Bader Munshi

Personal information
- Full name: Bader Mohammed Yousef Munshi
- Date of birth: 22 June 1999 (age 26)
- Place of birth: Jeddah, Saudi Arabia
- Height: 1.73 m (5 ft 8 in)
- Position: Midfielder

Team information
- Current team: Al-Khaleej
- Number: 16

Youth career
- –2018: Al-Ahli

Senior career*
- Years: Team / Apps / (Gls)
- 2018–2020: Al-Ahli / 0 / (0)
- 2020–2021: Al-Kawkab / 8 / (0)
- 2021–2024: Damac / 65 / (0)
- 2024–2026: Al-Diriyah / 25 / (0)
- 2026–: Al-Khaleej / 0 / (0)

International career^{‡}
- 2021–2022: Saudi Arabia U23
- 2021–: Saudi Arabia / 1 / (0)

= Bader Munshi =

Saudi Arabian footballer (born 1999)

Bader Mohammed Yousef Munshi (بدر محمد يوسف منشي, born 22 June 1999) is a Saudi Arabian professional footballer who plays as a midfielder for Al-Khaleej.

==Career==
Munshi started his career at the youth team of Al-Ahli.

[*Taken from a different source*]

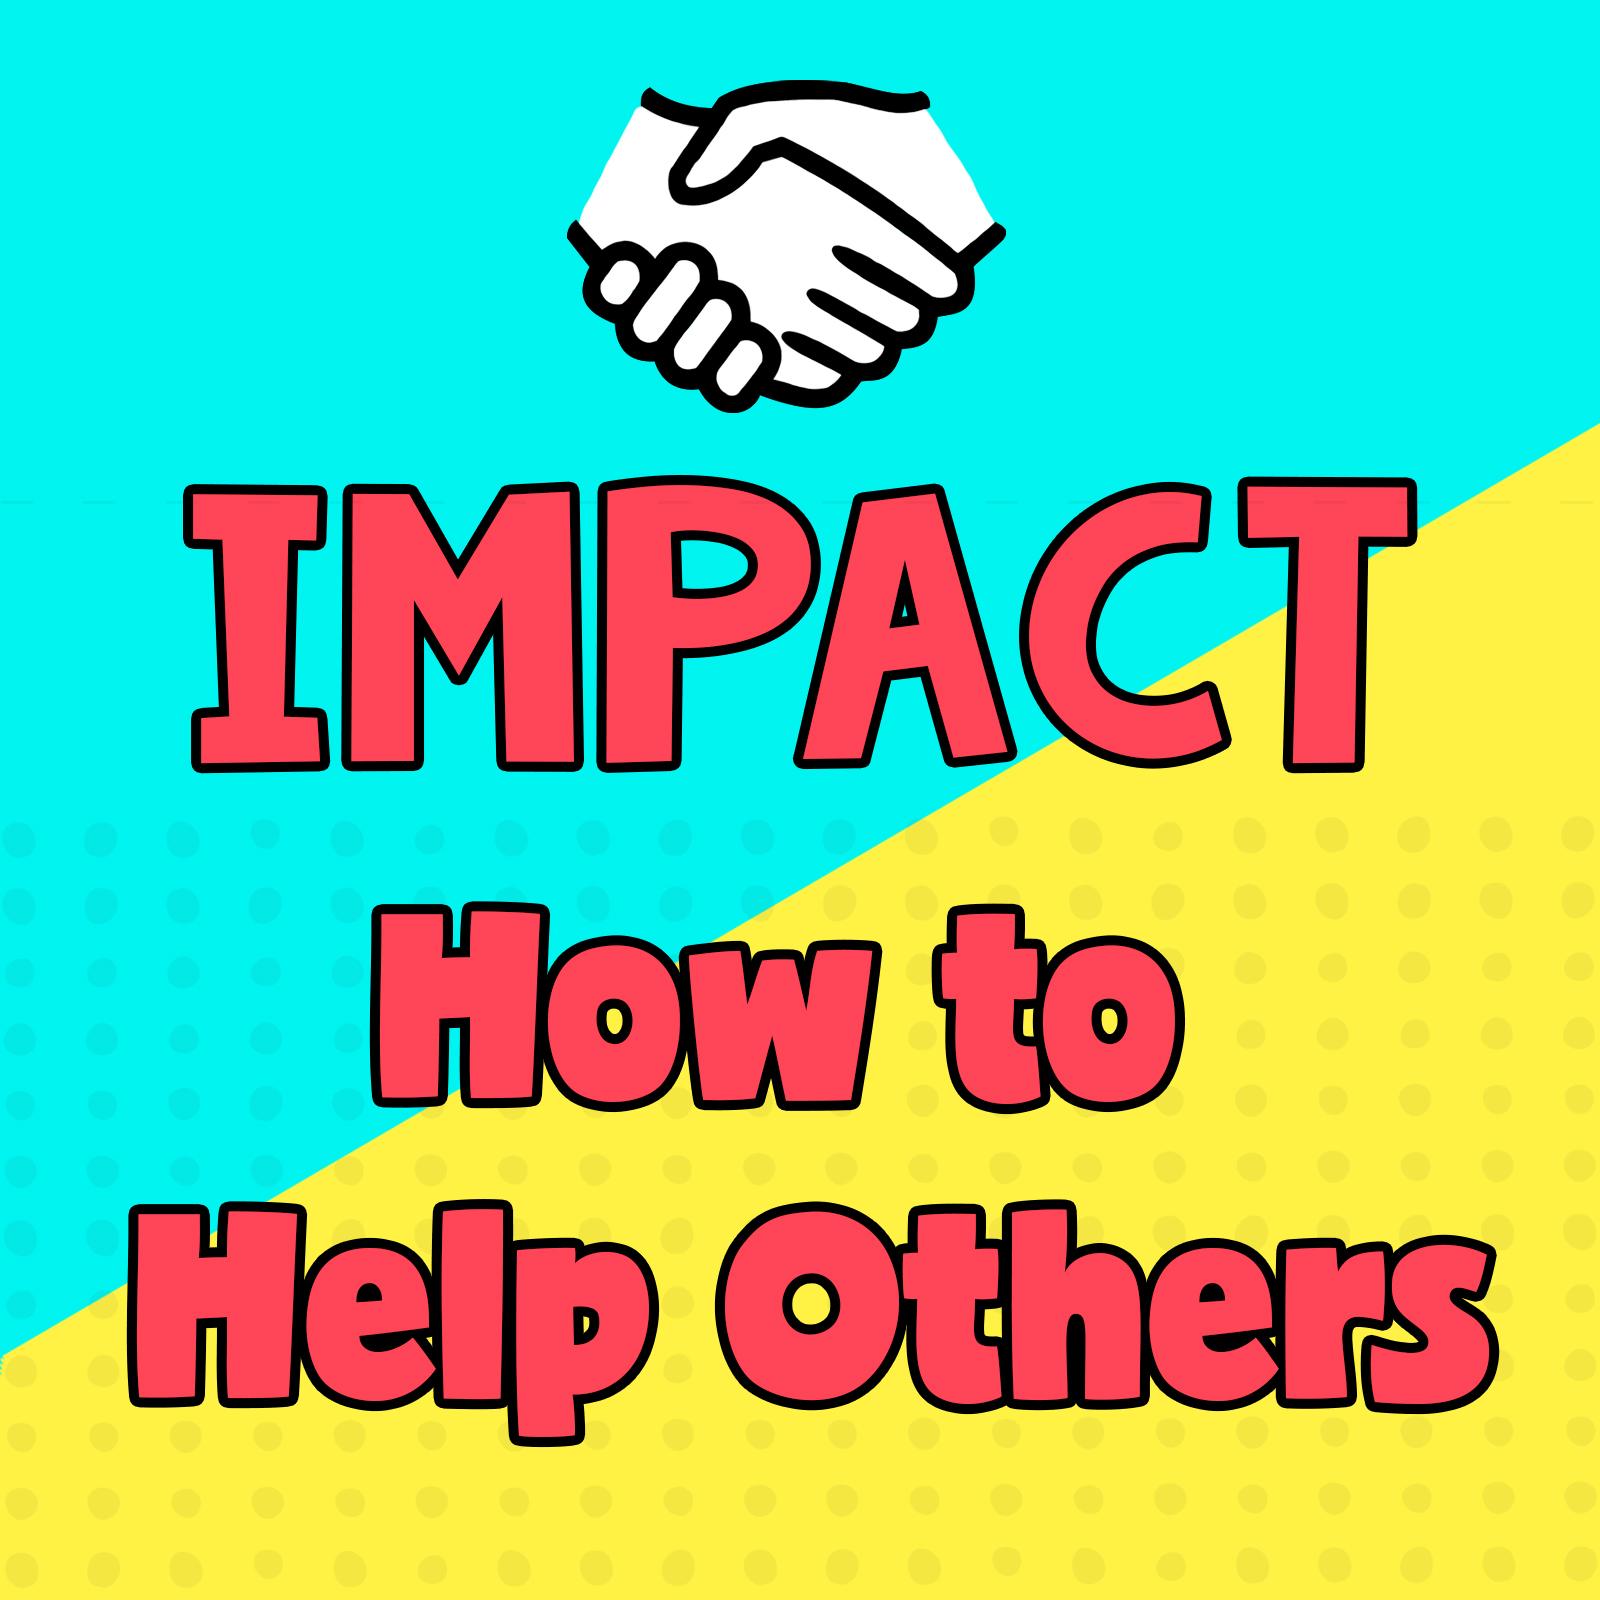 Volunteer how to help others

On 25 August 2019, Munshi signed his first professional contract with the club. On 11 October 2020, Munshi was released from his contract by the club. on 31 October 2020, Munshi joined First Division League side Al-Kawkab. On 28 January 2021, Munshi joined Pro League side Damac. On 2 September 2024, Munshi joined Saudi Second Division League club Al-Diriyah. On 24 January 2026, Munshi joined Al-Khaleej.